We learned mounds from Don and his crew. If you are in Cape May, a CMBO walk is a must.



On the beach we caught Northern Gannet and a Parasitic Jaeger and Black Skimmers sailing above the waves.


Northern Flickers were everywhere on the Cape. Flickers in North America are the yellow-shafted form.






I found this on the beach and Cute Husband promptly identified its previous owner by the yellow shaft.



I verified with Pete Dunne.

About this time I was itching to get my photo with Mr. Dunne.



Luckily, Cute Husband reminded me that this would be beyond geeky... even in Birders' Paradise.


Birds weren't the only creatures in full blown migration. Monarch butterflies were everywhere!




My first attempt at digiscoping. All other attempts were not so pretty.



The main reason we were in Cape May this weekend was to meet up with Frank Caruso .



Frank, Professor of Plant Pathology at University of Mass Amherst, fellow birder and all around great time.


We met at Brigantine (Edwin B. Forsythe National Wildlife Refuge).



Boat-tailed Grackle, Snow Geese, Greater Yellowlegs, Black-crowned Night Herons, Pectoral Sandpipers....




The purchase of your Duck Stamp at work!






Back at Cape May. Next day. Hawk Watching.



We searched Two Mile Landing outside of Wildwood for American Golden Plover.


Nope.


We did see dolphin.


We did get bitten by a million evil flies.




Off to the inlet at Wildwood in hopes of Red Knot.




Red Knots rely heavily on horseshoe crab eggs to fuel their spring migration.

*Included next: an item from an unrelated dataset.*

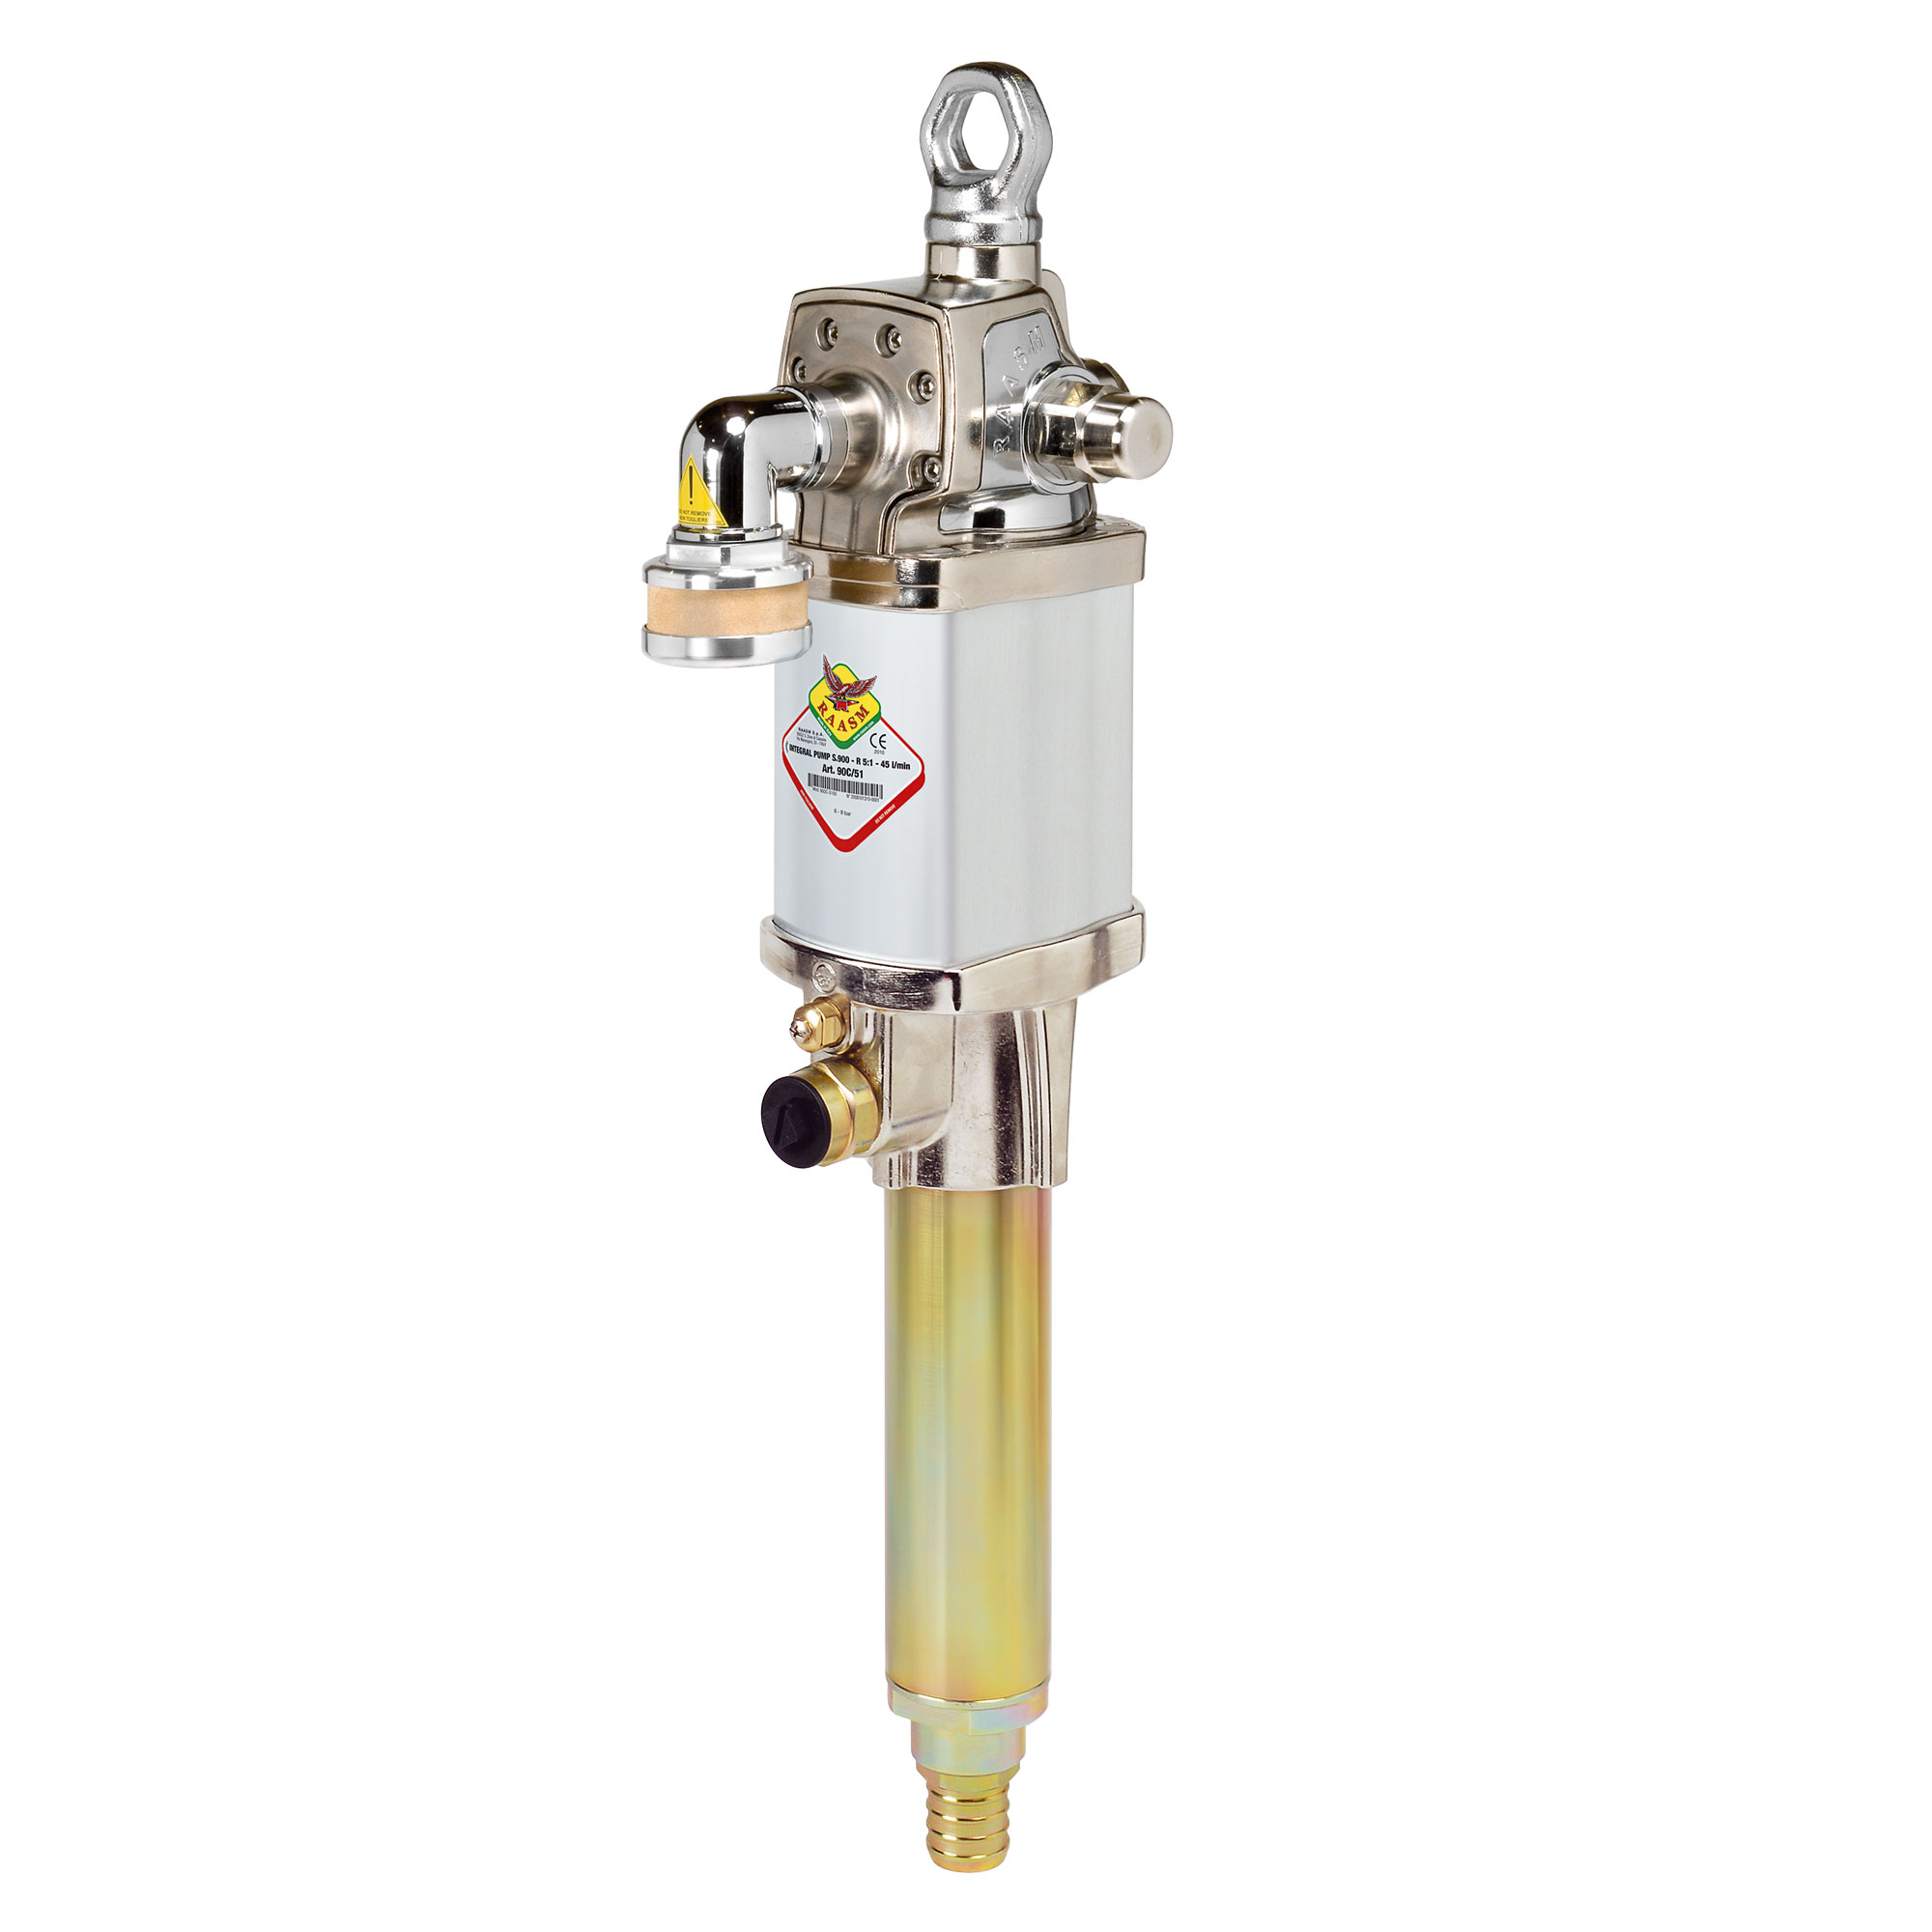 90C.71 - 7:1 Ratio, High Volume Oil Pump Stub

The Red Knot makes an incredible 18,000 mile roundtrip journey each year from its winter home at the tip of South America to the Arctic and back again.


Red Knots only stop a few times on the way to refuel. One critical stop is the Delaware Bay, where they feast on horseshoe crab eggs. Since the early 1990's horseshoe crabs have been commercially harvested. And, as commercial harvesting increased, the number of Red Knots who reached their Artic breeding grounds and successfully reproduced dramatically declined.


In 2003, some projections showed that at their current rate of decline the American subspecies might go extinct as early as 2010.


We spotted a group of 50 Red Knot offshore in their winter clothes.


Our elation at seeing these long distance migrants for the first time was tempered by thoughts of what may become of them.


We also became official members of the Cape May Bird Observatory so that they can send us stuff and torture us with all the cool stuff happening in Cape May that we are missing.



Note that Pete Dunne signed our welcome letter.



Ok, ok... this is a form letter for all new members.





Twenty minutes until the ferry sailed. Twenty minutes of birding at the Beanery.


As we walked to the car a Peregrine flew over followed by a Merlin.
Sigh.

2 comments:

Anonymous said...

It was such a joy to read about your trip and look at the gorgeous pictures. We're glad that you had a wonderful time!

-GG and Rhodo

Warren & Lisa Strobel said...

GG & Rhodo: Hope you two are well. We were sorry not to hike with you 2 last time, but we'll find a time!